Colonial Love Q & A: Les & Kathy


Thanks to Leslie Megyeri, GWSB MBA ’80, CCAS BA ’63, and Kathy Megyeri, CCAS MA ’82, GSEHD MA ’69, for sharing their story!

Where did you meet on campus? I met my future husband in Professor Hennigan’s speech class in the basement of Lisner Auditorium during the summer of 1963. I thought then that I wanted to be a speech therapist and since he wanted to get rid of his Hungarian accent, we were paired in class to work on language skills, but both of us failed because he still has his accent and I never pursued speech therapy as a career.

What were your first impressions of each other? Back then, Les Megyeri was a debonair European who wore a white summer suit to class so I was immediately smitten.

What #onlyatGW moment did you share as a couple? On our first date, we joined a large group of GW students marching to the National Mall to hear someone by the name of Marian Anderson sing and a speaker known as Dr.

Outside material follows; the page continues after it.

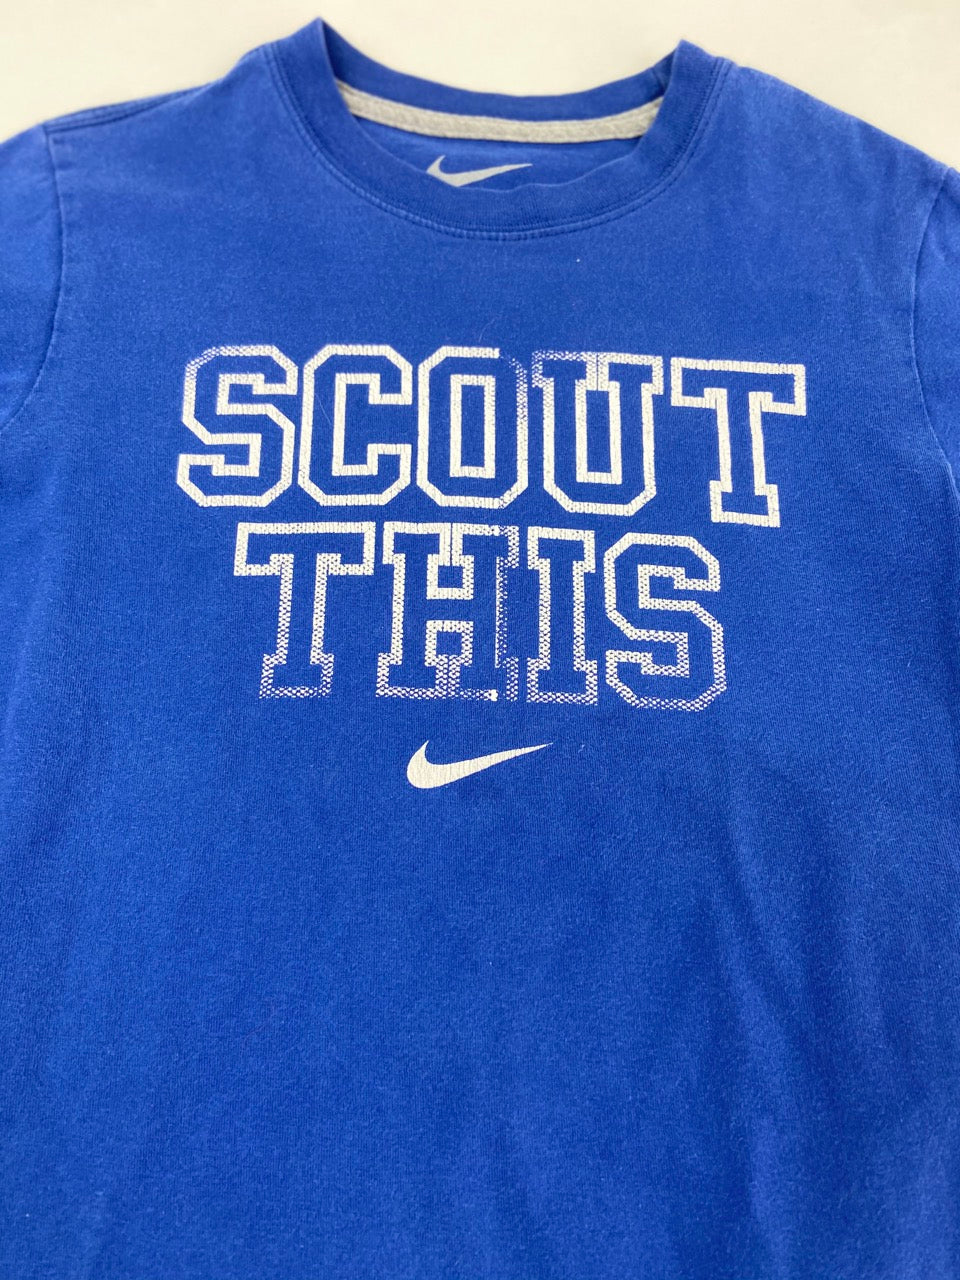 "Scout This" Nike Tee- Youth S

Martin Luther King. Little did we know then of the future significance of this historical event. On our second date, out of curiosity, we attended a Barry Goldwater for President rally at the D.C. National Guard Armory. We were met at the door by a girl called Hillary Rodham, an enthusiastic supporter who later became the foremost Democratic standard-bearer after marrying Bill Clinton and running for president herself. Those are the kinds of historical events that GW students are privy to during their time in Washington.

Tell us about your last visit to GW together or how GW has remained important in your life. I continued to support my husband’s educational pursuits at GW while teaching high school English for the next 34 years. After earning his BA in economics, he went on to earn a law degree, his MBA, and a CPA from the school and eventually retired from a career on Capitol Hill. Because we are so grateful for all that GW has offered us, we are now active in the Heritage Society and the Luther Rice Society and have pledged to leave our estate to the school and have helped to endow a chair in government contracts at GW’s law school.  

Anything else you want to share? Our love affair with GW only grows over time as we are able to maintain contact with GW students, faculty, and staff that keeps us engaged, alert, and involved with campus life and national issues. What is most surprising and gratifying to us is that students actually come up to us at events and thank us for our gifts to the school. They have no reason to even know us or be cognizant of our commitment to GW, and yet they are so appreciative that we encourage others every chance we get to leave an active and living legacy even in some small way as each donation has an impact. Thus, our love affair  is reciprocal, lasting, meaningful, and fulfilling.